The shares of Water’s Edge were purchased by Donald Shilton in the late 1990s. He intended to develop the property further, and considered a seniors’ residence and care facility. In April 2001, the Minister advised Water’s Edge that the annual rent for 2000 to 2005 would be $192,000. The receipt of this letter triggered the 60-day limitation period for rent reviews in Federal Court under the lease. Water’s Edge objected to the rent increase but did not initiate proceedings in Federal Court, despite several extensions of time granted by the Minister

Negotiations reached an impasse since the Minister (and the locatees) wanted all rent arrears paid before discussions would begin, whereas Water’s Edge would not pay any arrears until a new lease was negotiated. The Minister issued a Notice of Default of Lease in September 2001 and stated that the rent arrears of $176,000 must be paid by October. No amount was paid, and the Minister issued a Notice of Cancellation in October 2001.
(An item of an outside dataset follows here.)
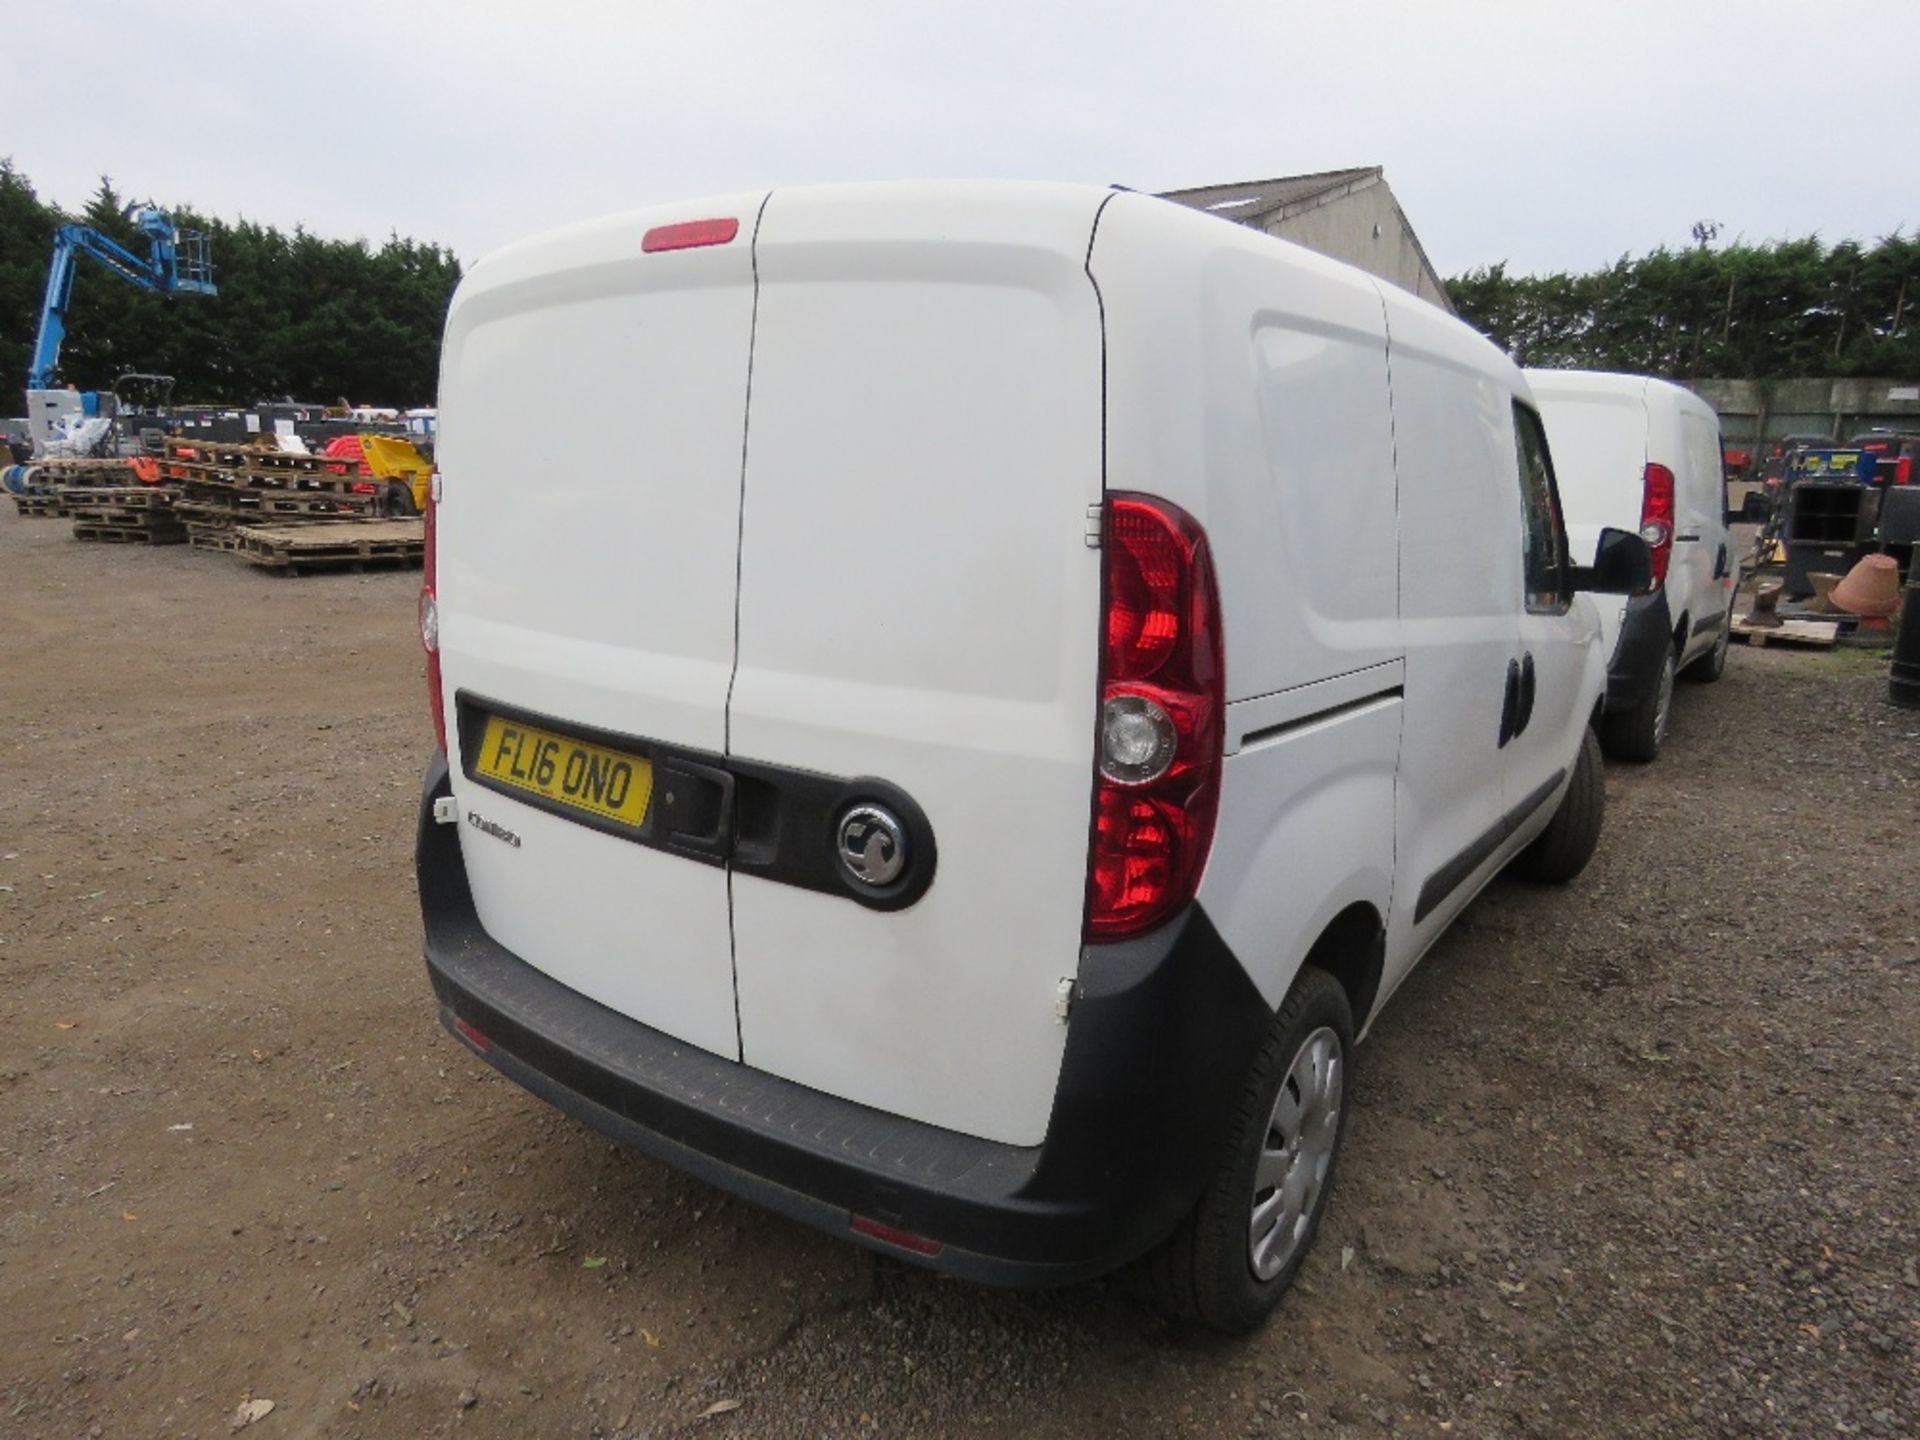 VAUXHALL COMBO L1H1-CDTI FIVE SEATER VAN REG: FL16 ONO. 98, 248 RECORDED MILES. 2 KEYS. WITH V5 (OWN - Image 5 of 21

The Court accepted the position of Canada that the substance of Water Edge’s claim was a rent review. Such a claim was now moot due to the cancellation of the lease, and the Federal Court had exclusive jurisdiction due to the terms of the lease. The Court also rejected the claims of Water’s Edge that there were implied terms to the lease, such as fairness, or an obligation of “good faith”. Administrative law principles, such as the doctrine of legitimate expectations, cannot be imported into the resolution of a private commercial matter. The claim for damages was separate from the “rent review” component, but Water’s Edge had not proven a breach of contract or any causal connection between the cancellation of the lease and losses that it suffered.

The Court held that Water’s Edge was liable for $176,000 of unpaid rent, as claimed by Canada.